Seshu Kiran GS is a consulting engineer and the founder and CEO of XAir in Los Angeles, CA. He explains that DAQ, from an industrial perspective, refers to process control and automation, thus the term SCADA systems is frequently used (supervisory control and data acquisition). So, DAQ is meant for visualizing the process data and controlling the process variables.
He adds that DAQ related to design testing purposes could have different meanings or purposes. It could refer to validation, for example, testing electronic circuitry parameters, and it may also refer to other applications like automotive noise and vibration analysis or aircraft non-destructive testing (NDT).
Kiran explains that DAQ system functions are three-pronged: acquire, analyze and present. More specifically: acquire—digitize and acquire the data; analyze—compute digital signal processing, or math or logical functions on the DAQ board itself, or in a post-analysis software; and present—in an intuitive and interactive user interface with recording and storage functions.

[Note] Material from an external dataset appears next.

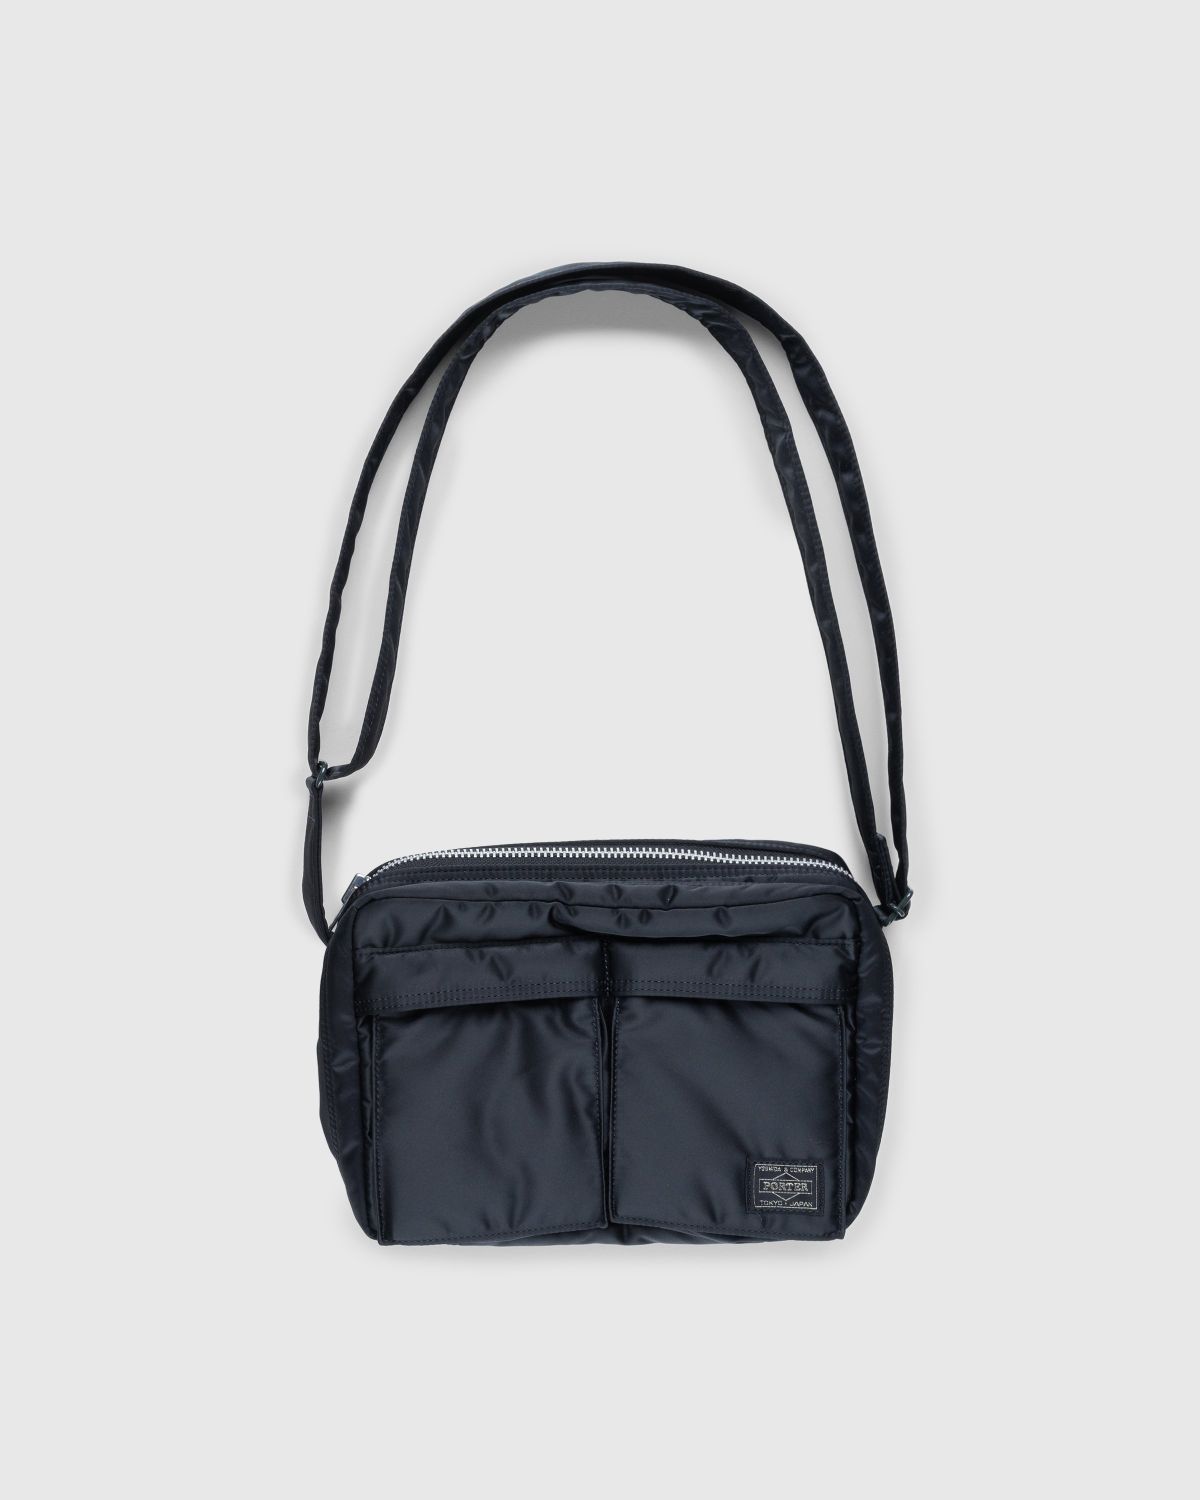 Porter-Yoshida & Co. – Tanker Shoulder Bag Black | Highsnobiety Shop

Fully Standalone Versus PC-Integrated
“There are some companies that are midway between fully standalone vs. PC-based and highly configurable and programmable,” Kiran says. “The reason to have a midway is this: In PC-based or highly configurable DAQ systems, there is a considerable load on software. Generally, software is not fully deterministic in the timeline of millisecond to microsecond. There is certain function that needs to purely perform in the hardware itself. For example, performing FFT (fast Fourier transform) or any other mathematical operations on a huge data set takes a lot of time on PCs. If it is implemented on the hardware, it can crunch much quickly. Also, there is certain high frequency RF equipment, where a strict dependency on the hardware is needed.”
Data acquisition enables data gathering, which may be used to deliver reports and fill dashboards with useful information.
As for Jaguar Land Rover, thanks to data acquisition hardware and software, engineers may now query and order data to perform an analysis routine on all test results that meet the specified parameters. They may now run a batch process, sometimes on thousands of files, using a predefined analysis routine or can create an ad hoc analysis routine on data that requires closer inspection. The result of any analysis routine is a templated report to help make data-driven decisions more quickly.
Green of National Instruments says the expectations of data move far beyond just the instantaneous operation of any individual asset toward a system-wide view where data can be aggregated and analyzed from multiple connected devices and the opportunity to use a single software product diminishes.
“No one vendor has a product that can span the technology stack of an industrial IoT application nor [does] any one engineer [have] the expertise to code every element from the ground up,” Green says. “Therefore, the key is for vendors to work together and provide software that both abstracts the complexity for their element of the technology stack while ensuring openness and interoperability within an ecosystem of software tools.”